See: http://www.citizensinformation.ie/e...nts/unemployed_people/jobseekers_benefit.html

Although this doesn't answer your specific question, I'm not sure it matters: the length is discretionary and the periods mentioned are maximums. I would visit your local Dept Social Protection office, and ask. I've found them very understanding and helpful to deal with. I know this is just one person's experience, but I can't see what you have to lose by asking.


----------



## amtc (19 Nov 2015)

It won't matter. This will be based on what contributions you paid in 2013. Then it is Jobseekers benefit which is not means tested.

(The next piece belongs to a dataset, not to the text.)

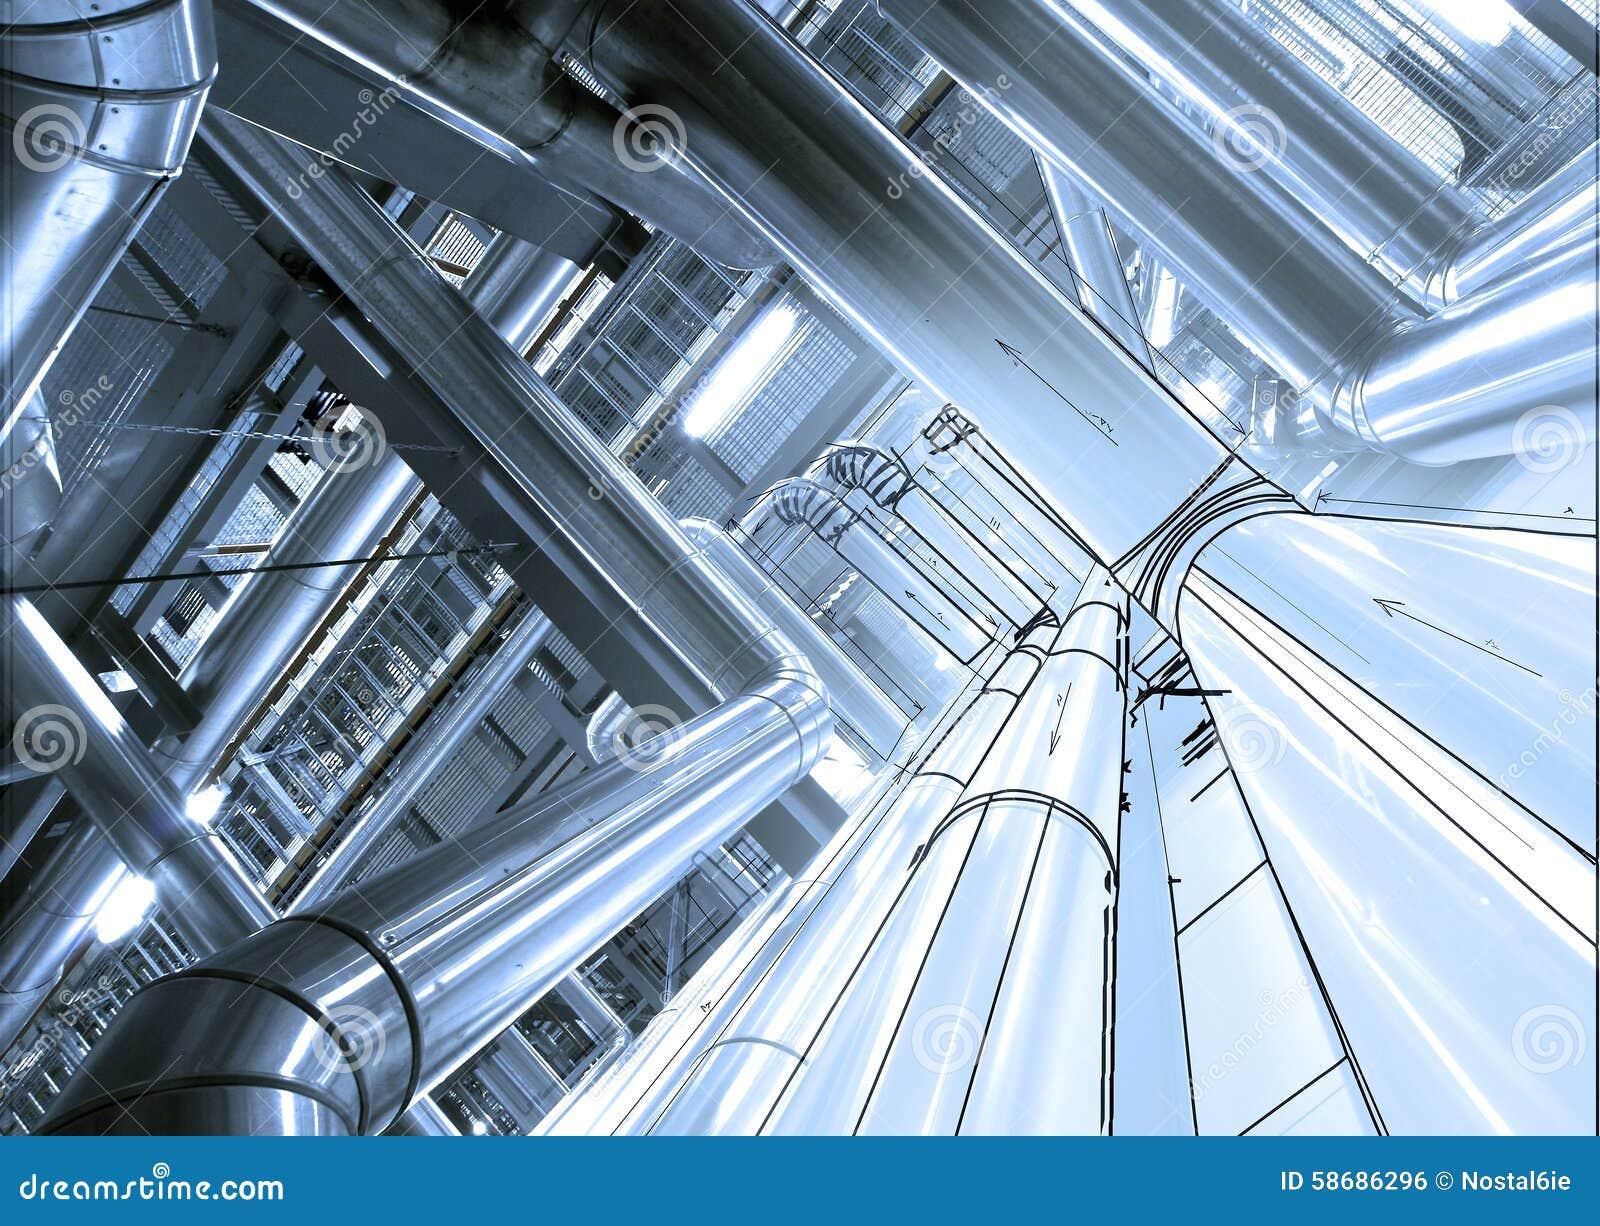 Pipeline Design Conception Stock Photo Image Of Equipment

You don't have to declare your redundancy figure. What I would suggest is getting a letter from your company to explain you are being made redundant. There should be no waiting period then.


----------



## thedaddyman (19 Nov 2015)

I always thought there was an extra delay if your letter from your employer said you were taking voluntary redundancy as opposed to being made compulsory redundant. Is this correct?


----------



## amtc (19 Nov 2015)

It depends. You're really at the mercy of the deciding officer. The really easy way around it is to take a week sick leave and then your claim is linked with no waiting period.


----------



## Shutters (19 Jan 2016)

Am I entitled to jobseekers if my husband is working? We have no children


----------



## emeralds (19 Jan 2016)

You will find all the info re jobseekers entitlements here
http://www.citizensinformation.ie/e...s/unemployed_people/jobseekers_allowance.html


Shutters said:


> Am I entitled to jobseekers if my husband is working? We have no children


----------



## mtk (25 Jan 2016)

amtc said:


> It won't matter. This will be based on what contributions you paid in 2013. Then it is Jobseekers benefit which is not means tested. You don't have to declare your redundancy figure. What I would suggest is getting a letter from your company to explain you are being made redundant. There should be no waiting period then.

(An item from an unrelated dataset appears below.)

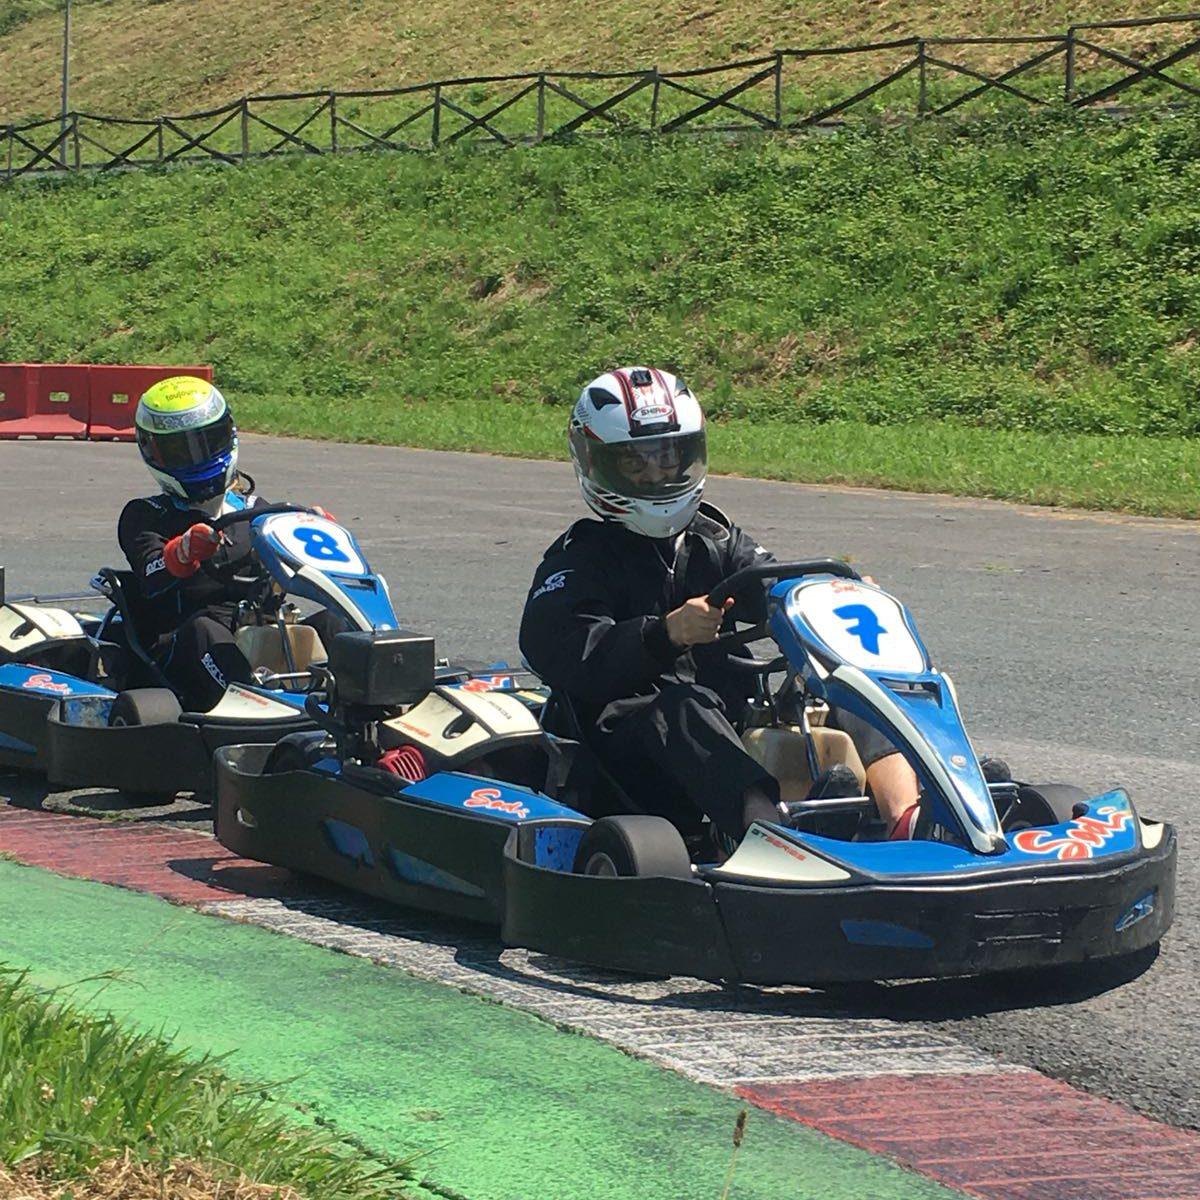 Circuito Karting : Cursos de karting circuito karting olaberria vilariÑo motorsport

Not my experience You are asked the  redundancy amount by welfare


----------



## amtc (25 Jan 2016)

I was a deciding officer


----------



## mtk (26 Jan 2016)

amtc said:


> I was a deciding officer



ok things have changed then or practice varies as it was asked for on JSB form i filled in and its in their operational guidelines ( on welfare.ie)


----------



## amtc (27 Jan 2016)

This was very recently. The letter from employer will do


----------